O mercado dos chocolates está mesmo mudando e parte disso é devido às demandas dos consumidores. Uma delas diz respeito à sustentabilidade, que relaciona o desenvolvimento econômico com o social e a proteção ambiental, com objetivo de preservação do planeta e atendimento das necessidades dos seres humanos sem comprometimento das futuras gerações. Em resumo, novos produtos devem ser bons para todo mundo, no curto e no longo prazo, não só para quem os consome.

Criar formas de reduzir ou eliminar desperdícios é um dos caminhos em direção à sustentabilidade. E é nessa pegada que foi lançado o novo chocolate da gigante Cacao Barry, grupo dono da marca Callebaut, que é o famoso “chocolate belga” presente no mercado brasileiro.

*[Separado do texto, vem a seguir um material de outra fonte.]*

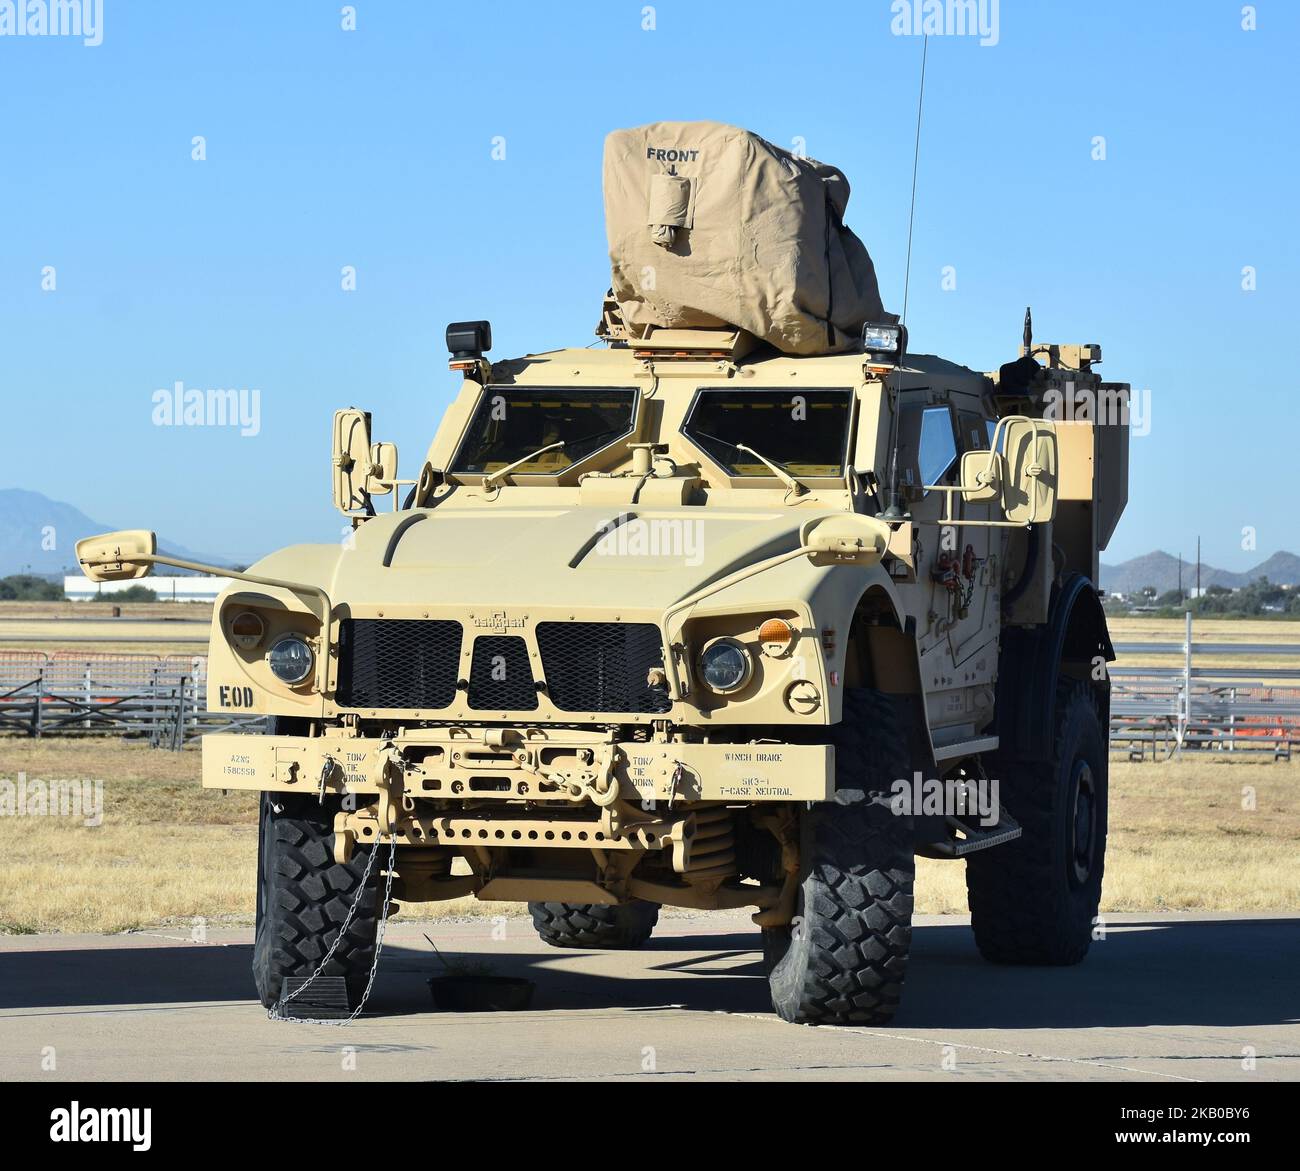 Der Oshkosh Mine-Resistant Ambush Protected (MRAP) Truck wird vom US-Militär für Truppentransporte, vor allem im Irak und in Afghanistan, eingesetzt. Stockfoto

A amostra do WholeFruit que provei

Eu não costumo escrever sobre chocolates que são ingredientes, feitos para uso em confeitaria e chocolataria, como é o caso do WholeFruit. Eu não cozinho, não uso esse tipo de produto. Meu foco é falar de chocolate para consumo direto, principalmente os bean to bar artesanais. No entanto, não posso deixar de falar deste lançamento porque está relacionado a 2 tendências interessantes que vemos no mercado como um todo:

  • A busca por sustentabilidade, neste caso em relação a redução de desperdícios;
  • A busca pelo uso da polpa de cacau como ingrediente, neste caso para substituição do açúcar de cana.

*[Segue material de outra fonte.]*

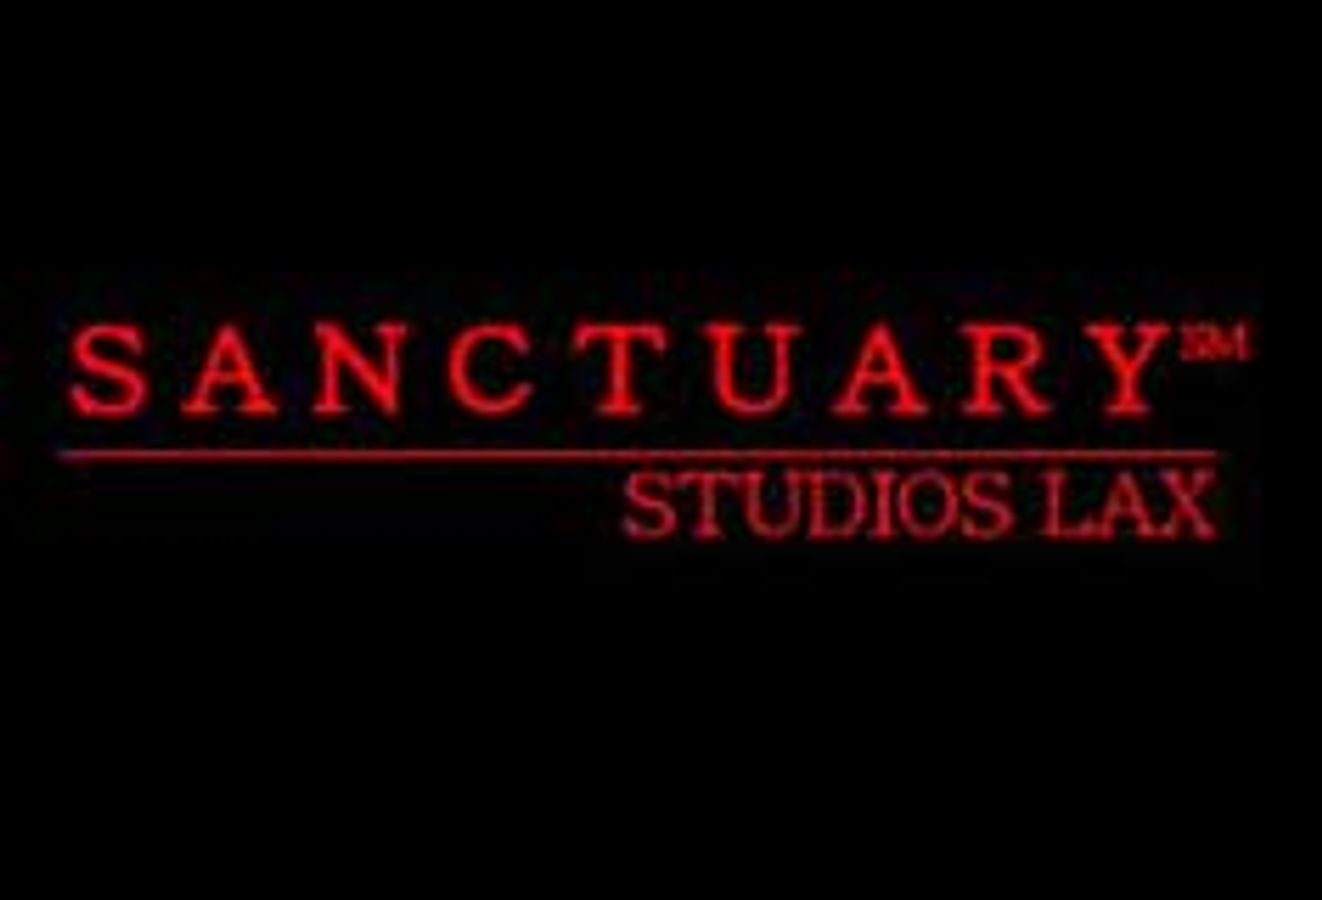 Sanctuary Studios LAX

A assessoria de imprensa da Barry Callebaut entrou em contato comigo oferecendo me enviar uma amostra. Agradeço a atenção, curti experimentar e resolvi escrever sobre o assunto.

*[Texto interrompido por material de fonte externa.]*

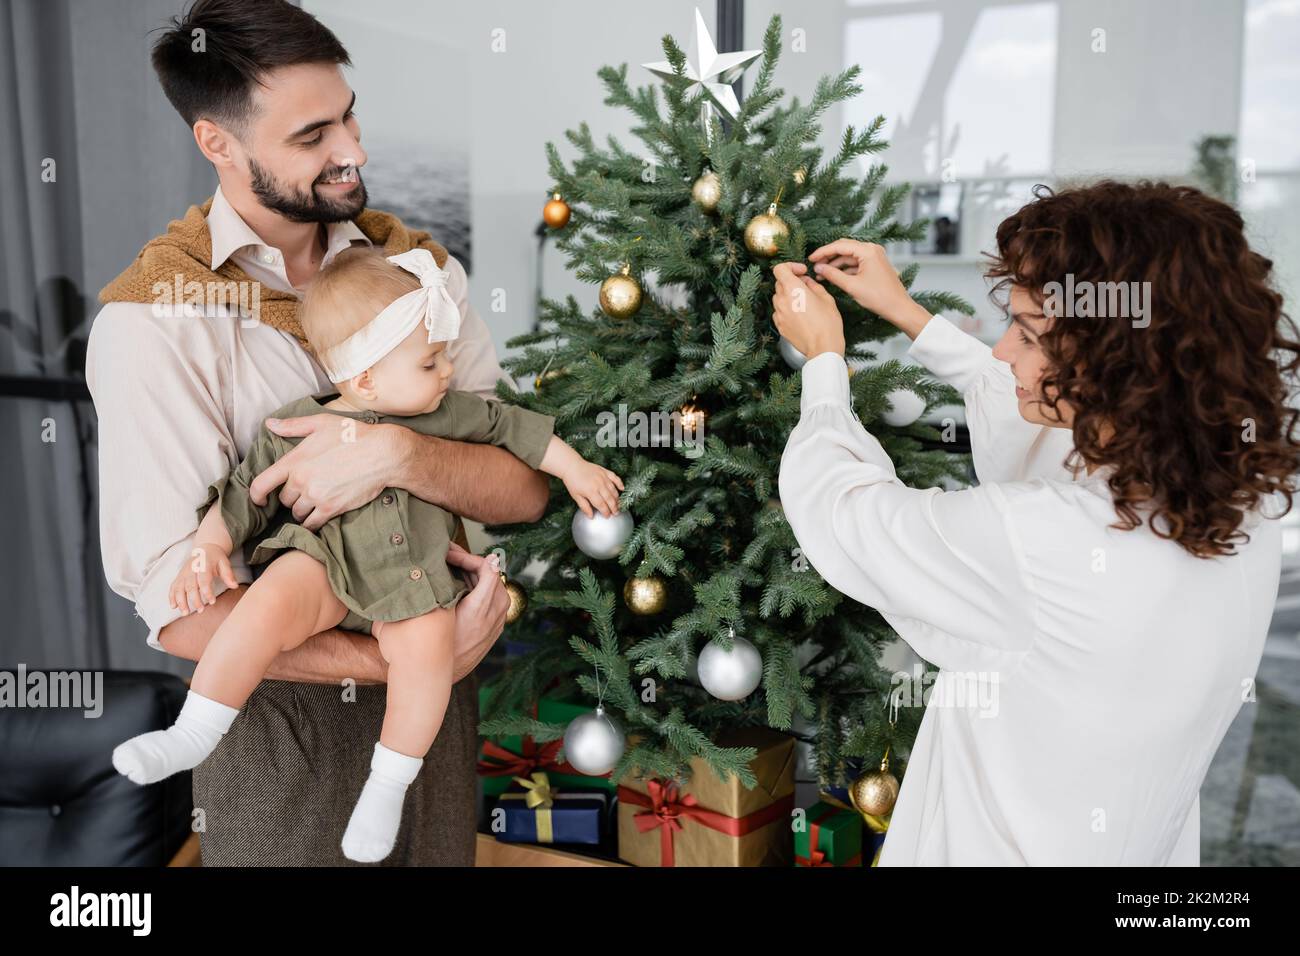 mujer feliz que adorna el árbol de navidad cerca del marido barbudo y la hija del bebé, imagen de la acción Foto de stock

Isso já faz algumas semanas, mas eu quis pesquisar um pouco mais sobre o novo produto para poder entender melhor do que se trata e não apenas repetir o que veio escrito na carta que acompanha o kit. Sim, é um kit que traz não só o chocolate WholeFruit numa embalagem de amostra (sem os dados do rótulo oficial), mas também uma garrafa do Mel de Cacau da marca Dengo (que eu consultei e disse não saber do kit). Entendo que o objetivo de ter esse produto no kit é para que a gente possa perceber que as notas frutadas que sentimos no chocolate tem relação com o mel de cacau. E tem mesmo.

O kit que recebi

Mel de cacau x polpa de cacau: Já perguntei para várias pessoas, tem gente que diz que mel de cacau e polpa são a mesma coisa, mas tem quem os define como diferentes:

  • o mel é aquele líquido que escorre do cacau quando ele é aberto e o que escorre da polpa de cacau quando ela está nos cochos de fermentação (que são furados embaixo para que o mel saia dali).
  • a polpa é aquela parte esbranquiçada e viscosa que recobre as sementes dentro do fruto.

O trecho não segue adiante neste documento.